At the line with "Ohrhänger | Süßwasserperle, Zirkonia", start transcribing; stop after the last line of the data below. Keep it exact and leave pictures out.

▶ Information provided
·····

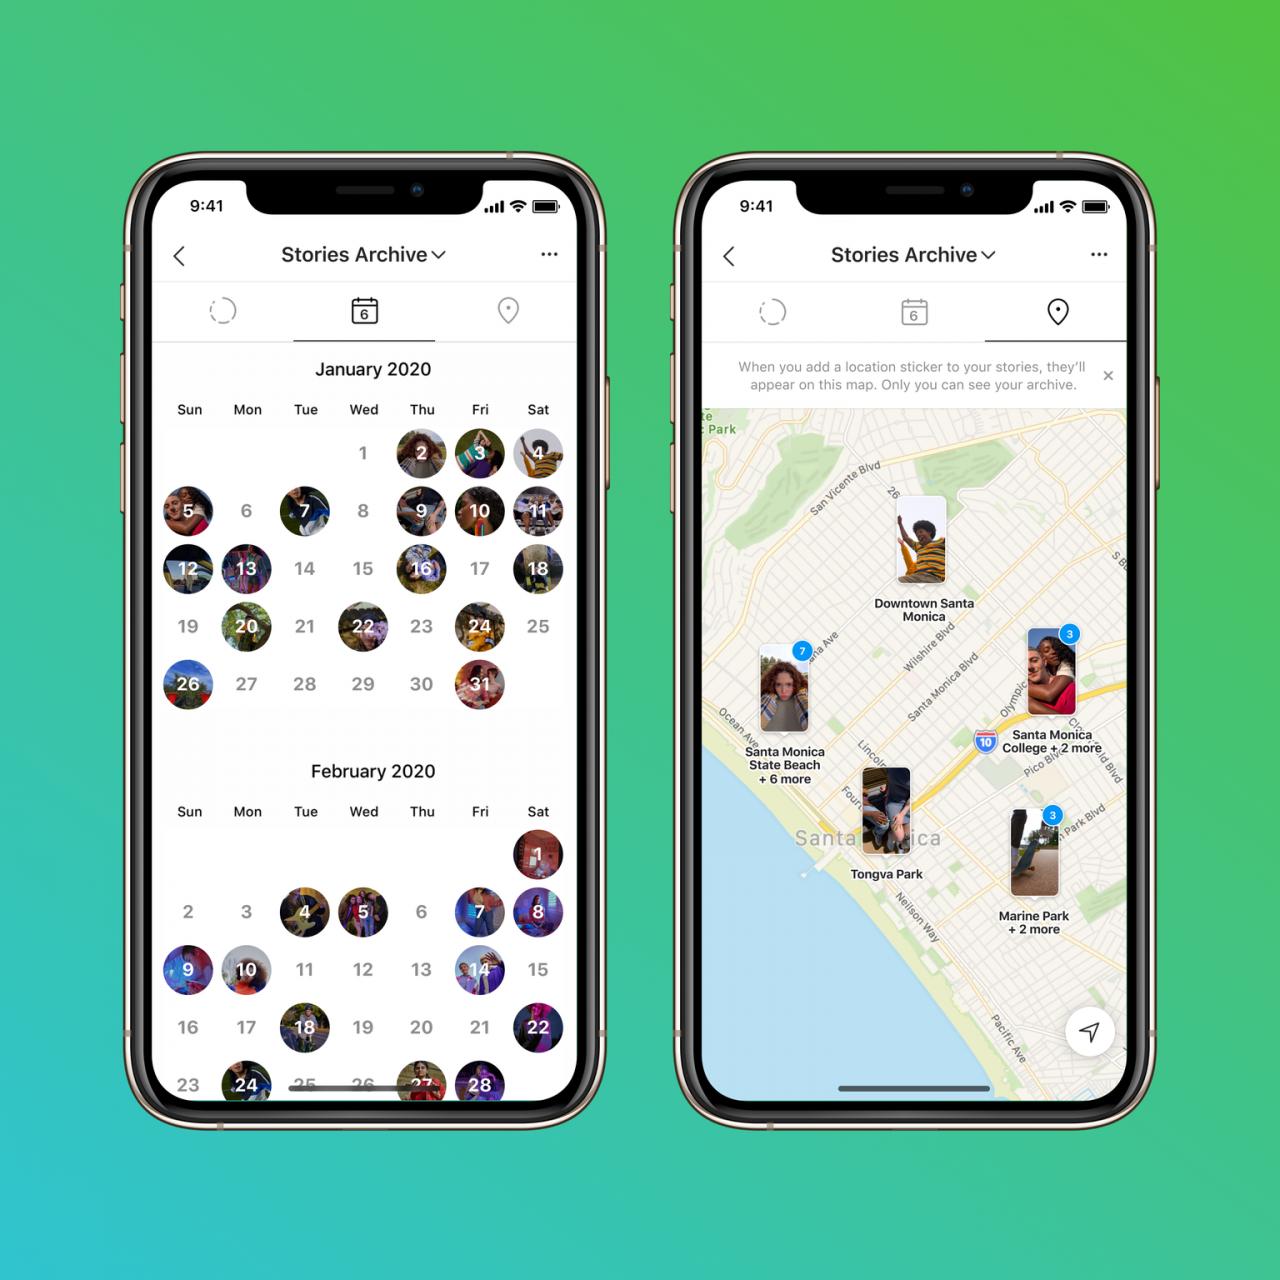 Instagram Stories Map
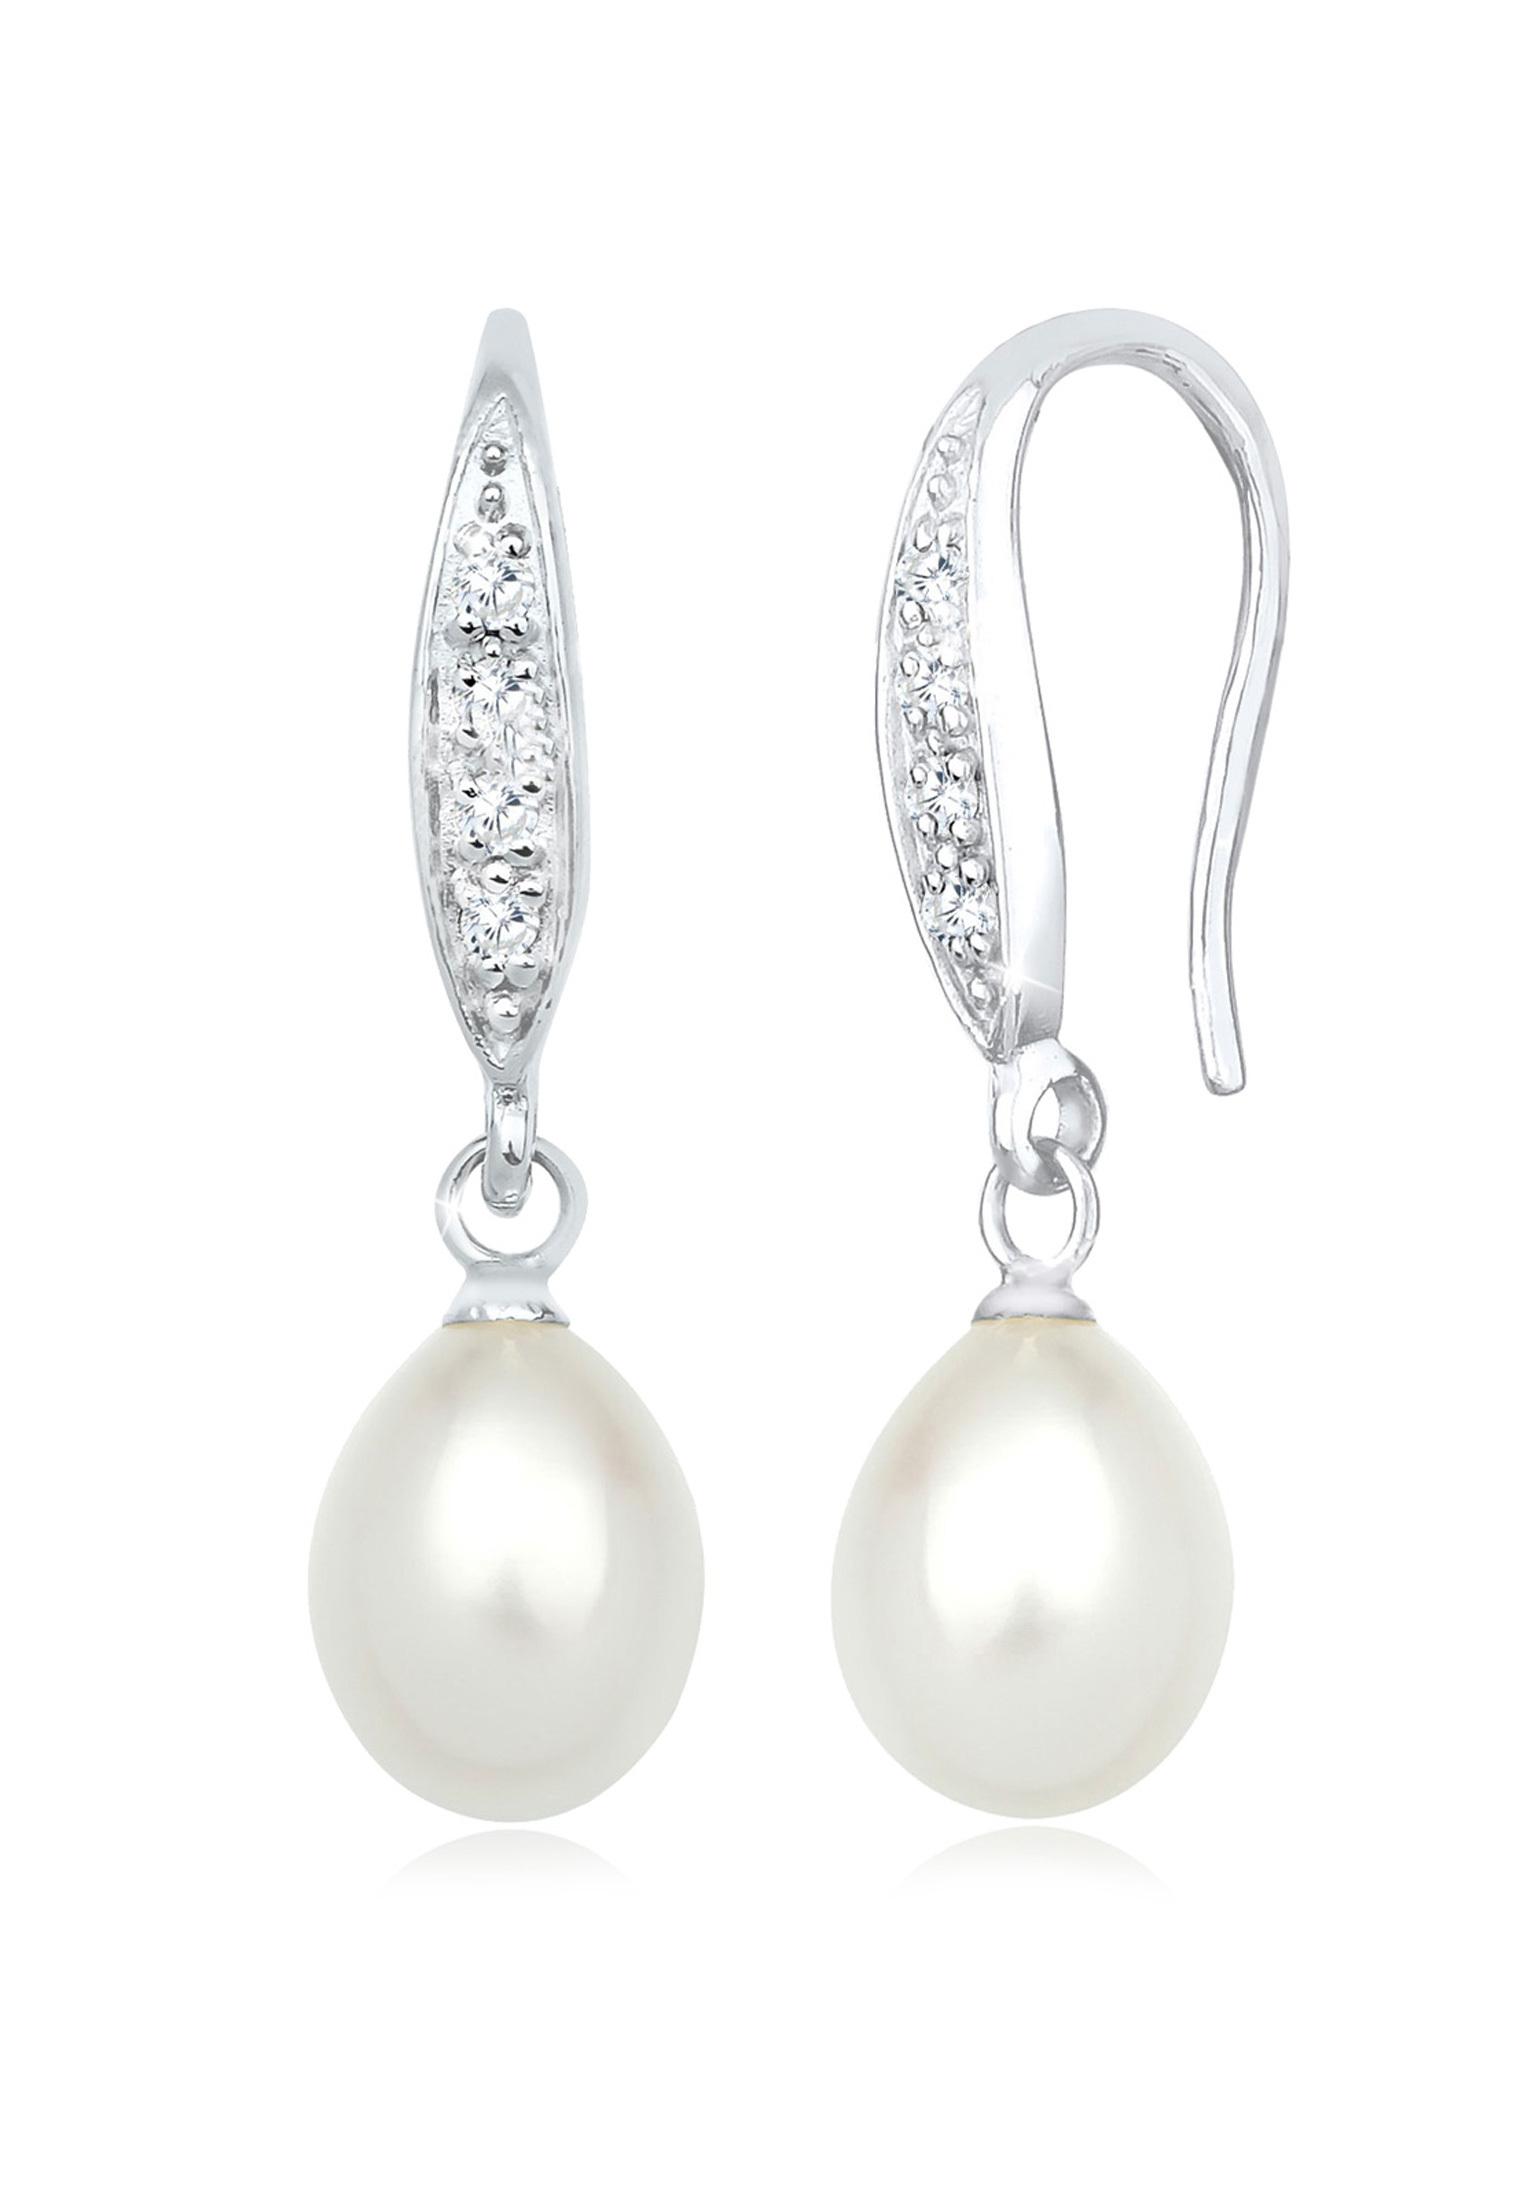 Ohrhänger | Süßwasserperle, Zirkonia ( Weiß ) | 925er Sterling Silber
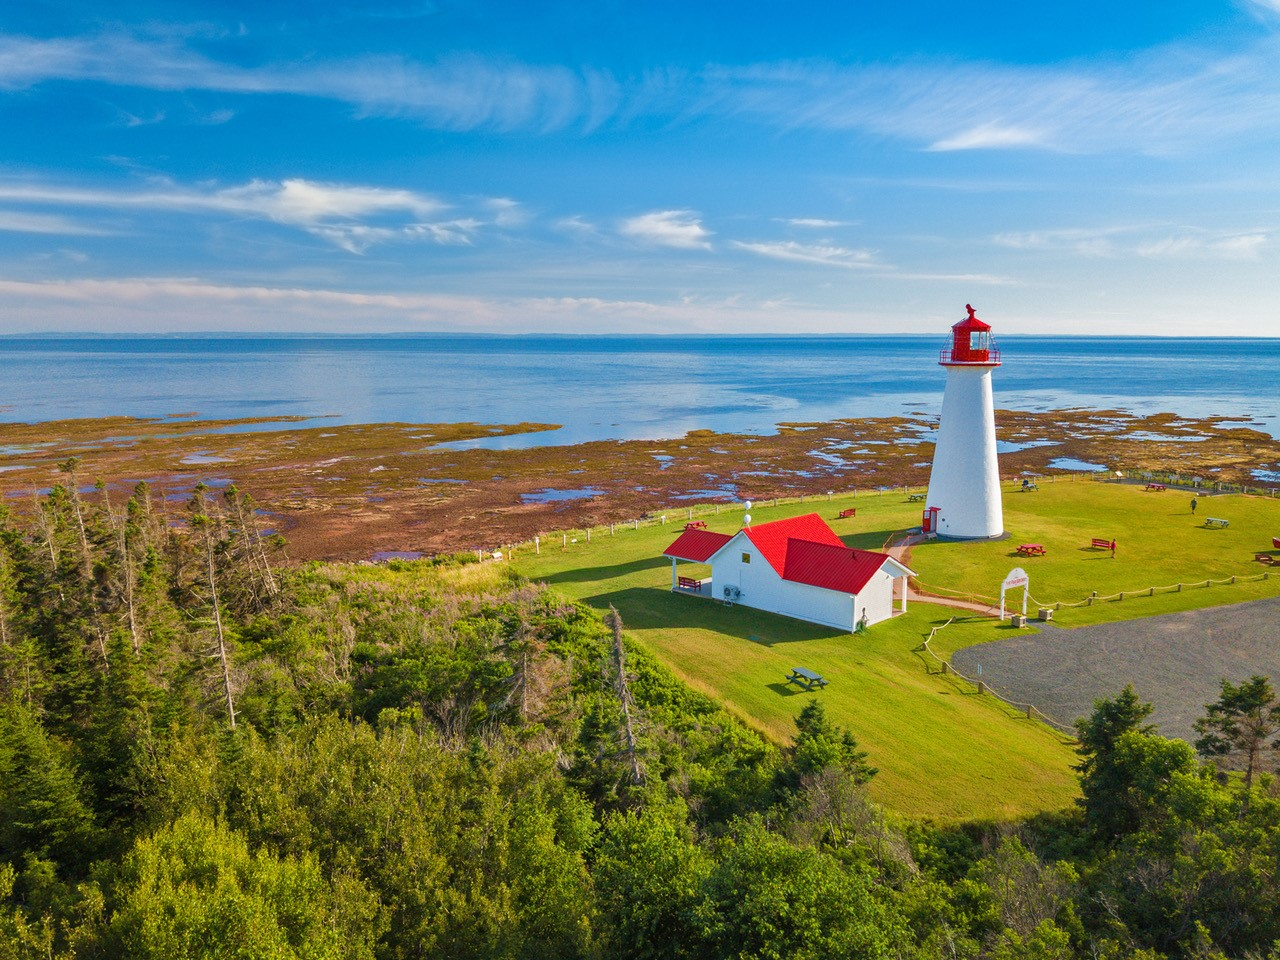 Lighthouse on a green expanse near the sea.

·····

▶ Output for this exercise
 Ohrhänger | Süßwasserperle, Zirkonia ( Weiß ) | 925er Sterling Silber
 Lighthouse on a green expanse near the sea.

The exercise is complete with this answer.